The FrozenLakeWorkflow class in tutorial/example_frozenlake/frozenlake.py integrates the environment and agent, mainly exposing the execute method.

class FrozenLakeWorkflow(Workflow):

    async def execute(self, workflow_task: WorkflowTask, tuner: AjetTuner) -> WorkflowOutput:
        # init agent and env
        # reset environment and get initial `observation_str`
        rewards = []
        for _ in range(self.max_steps):
            action = await self.agent.step(observation_str)
            observation_str, reward, done, info = self.env.step(action)
            rewards.append(reward)
            if done:
                break
        return WorkflowOutput(
            reward=sum(rewards),
        )

3.4 Reward

  • The per-episode reward is the sum of step rewards.
  • In this FrozenLake setup, the agent gets +1 when reaching the goal, otherwise 0.
  • The workflow also returns metadata such as terminate_reason (success, agent_error, max_steps_reached) and step_count.

4. Results

4.1 Training Curve

Visualization: Training curves are generated by SwanLab.
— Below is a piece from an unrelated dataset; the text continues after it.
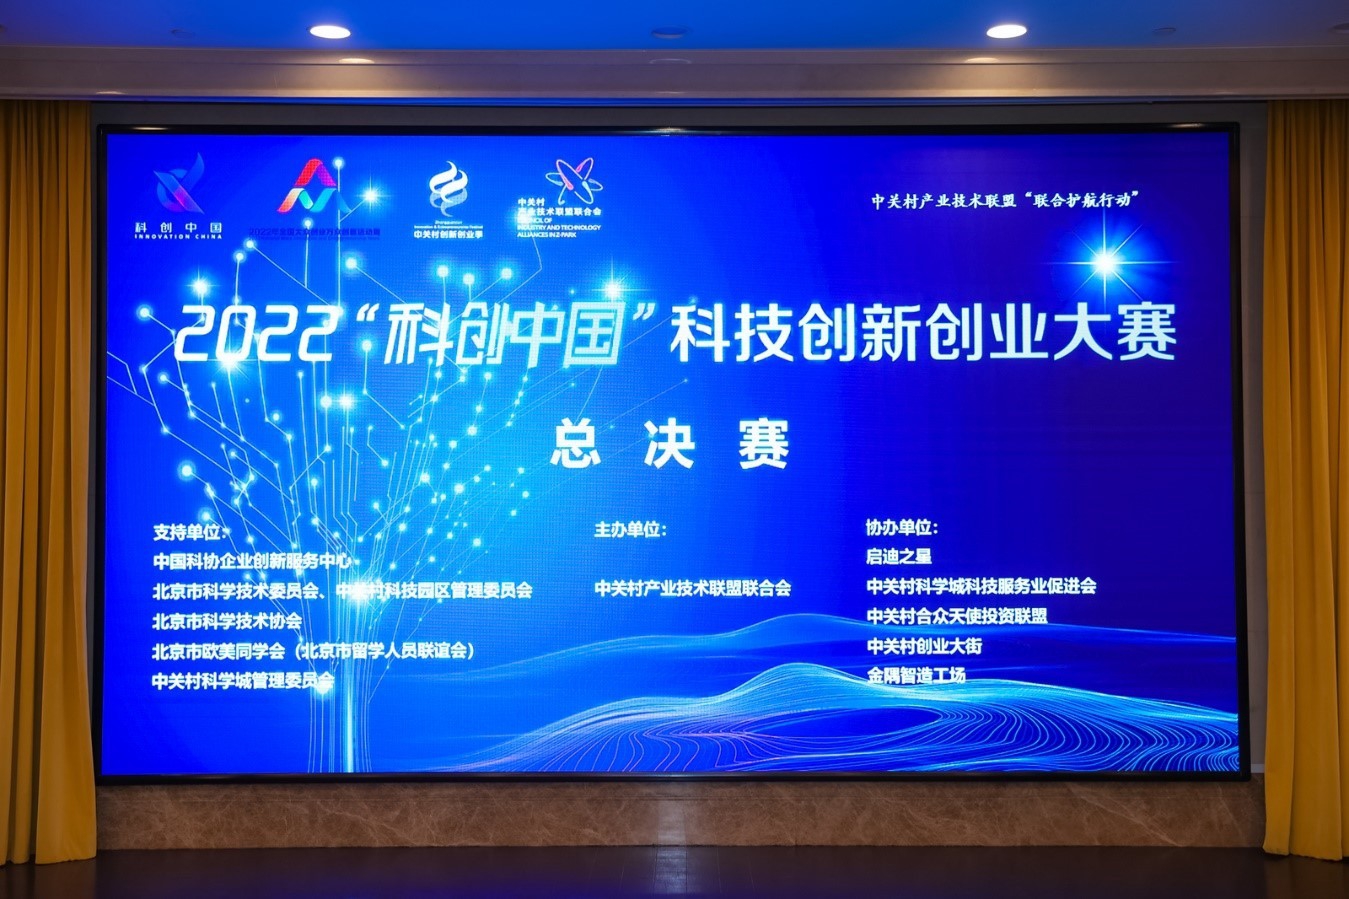 2022“科创中国”科技创新

See Visualization Tools for setup and usage.

Since the reward is sparse (only +1 when reaching the goal, otherwise 0), the rising reward curve directly reflects an increasing success rate—the agent reaches the goal G more often.

This improvement typically comes from two aspects:

  • Better spatial reasoning: the agent learns to parse the grid and identify the relative positions.
  • Safer path planning: it avoids falling into holes and takes more reliable routes toward the goal.